Different Light is the second studio album by the American pop rock band the Bangles, released in January 1986. It is their best-known album, with four charting singles (five in the UK) including a Top 5 hit and a number one. The album's Top 40 sound was a departure from their earlier 1960s-style rock'n'roll sound. It is the first album in which bassist Michael Steele sings lead vocals on some tracks.
Released to generally positive reviews from music critics and some comparisons with The Mamas & the Papas' "Monday, Monday", it was the band's first hit, reaching number two in the United States and the United Kingdom, as well as in Austria, Canada, Germany and Ireland, and within top five in New Zealand, Norway and Switzerland. It was later certified silver in the UK by the British Phonographic Industry (BPI). The song was covered by several artists in 2005 and 2006.
Peterson explained in an interview with MTV UK in 1989 about why Prince gave them the song: "[Prince] really liked our first album. He liked the song 'Hero Takes a Fall', which is a great compliment, because we liked his music. He contacted us, and said, 'I've got a couple of songs for you. I'd like to know if you're interested,' and of course we were. One of the songs Prince brought to the group was 'Manic Monday', written under the pseudonym of Christopher." Peterson talked about the evolution of what Prince brought them: "It was a Banglefication of a Prince arrangement. He had a demo, that was very specifically him. It was a good song, but we didn't record it like 'This is our first hit single! Oh my God! I can feel it in my veins!' We just did the song, and the album, and then sat back and thought about it."

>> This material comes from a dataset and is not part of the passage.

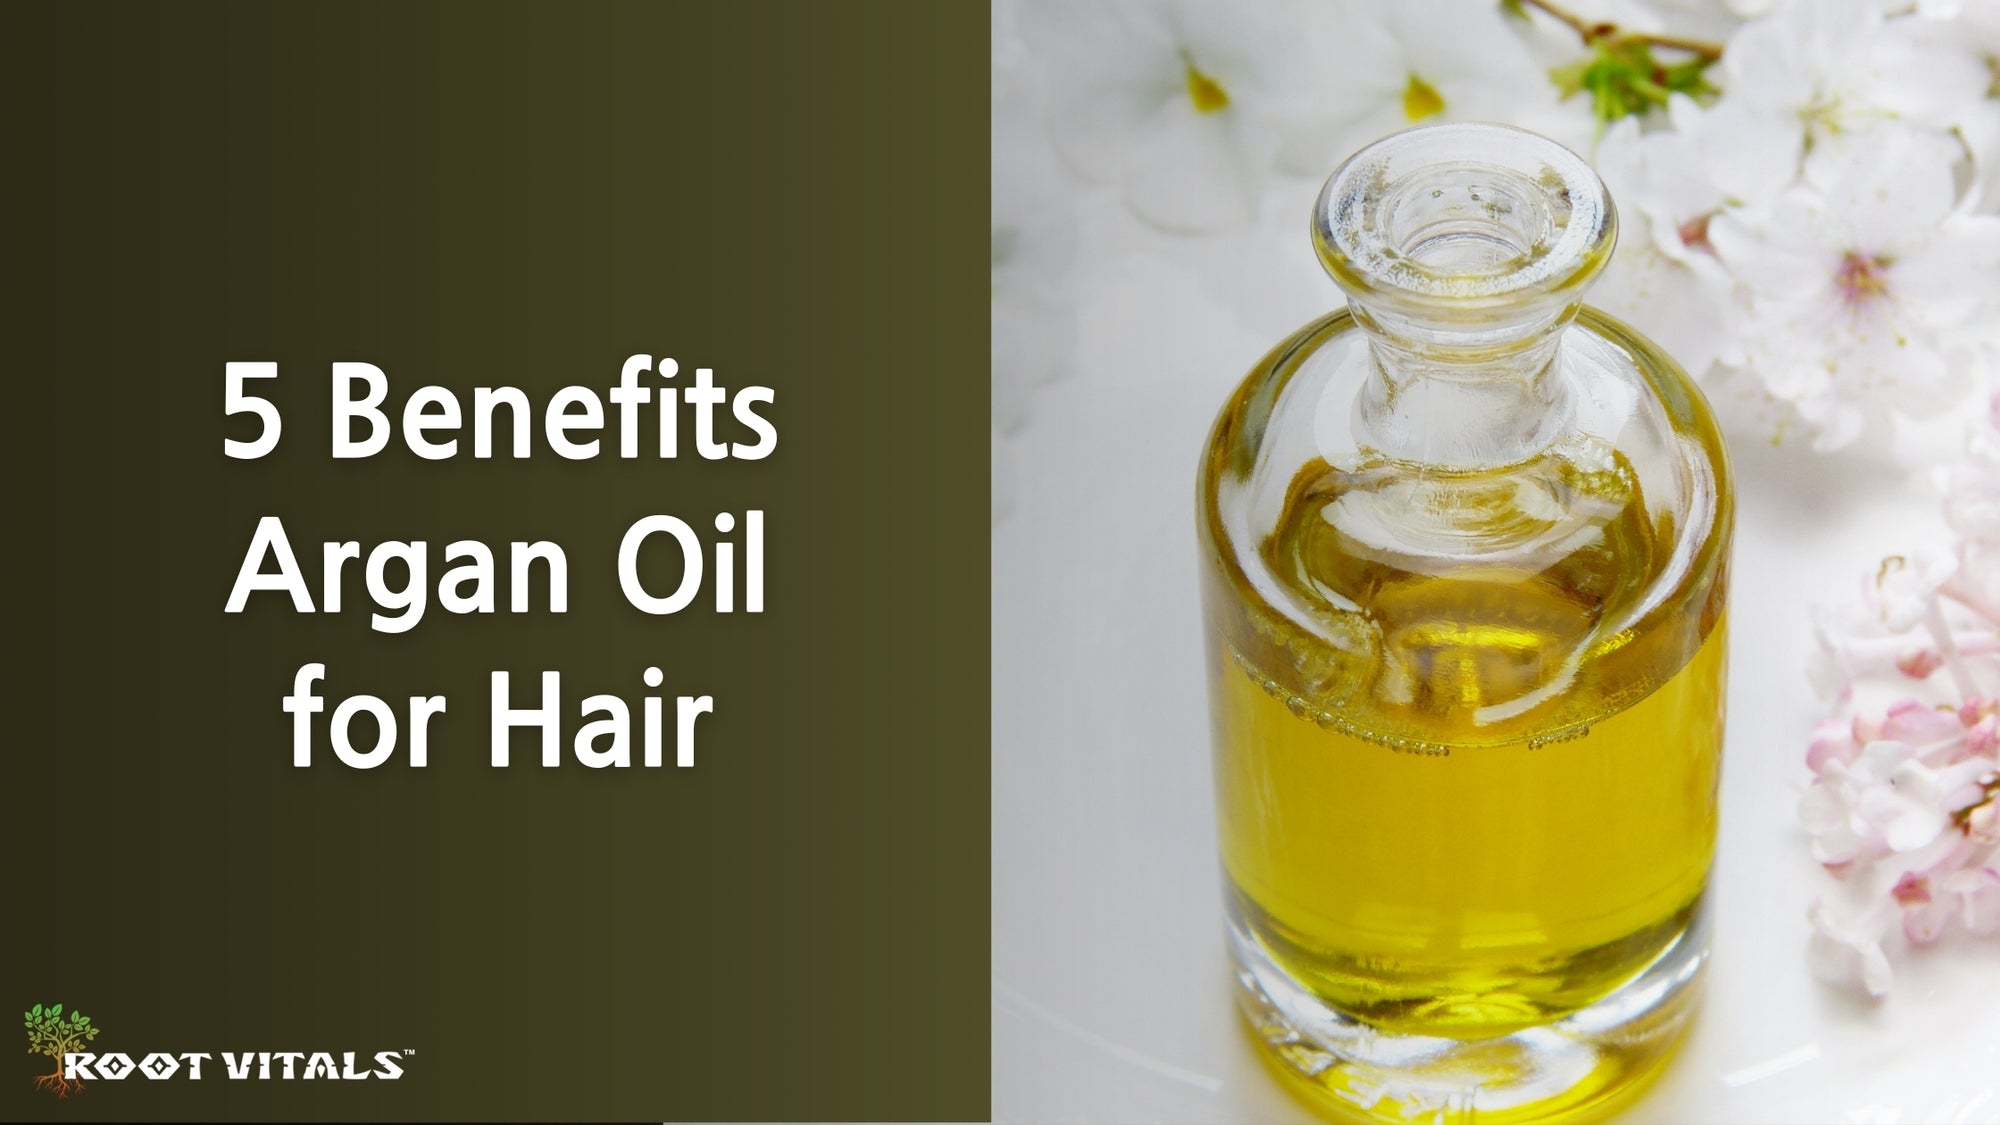 Argan oil for hair benefits to help hair grow strong and healthy

A pop song written in D Major, "Manic Monday" moves at a tempo of 116 beats per minute and is set in common time. The song has a sequence of G–A7–D–G–A7–D as its chord progression.Lyrically, the song is about someone waking up from a romantic dream at six o'clock on Monday morning, and facing a hectic journey to work when she would prefer to still be enjoying relaxing on Sunday—her "I-don't-have-to-run day".Actor Rudolph Valentino is referred in the introduction.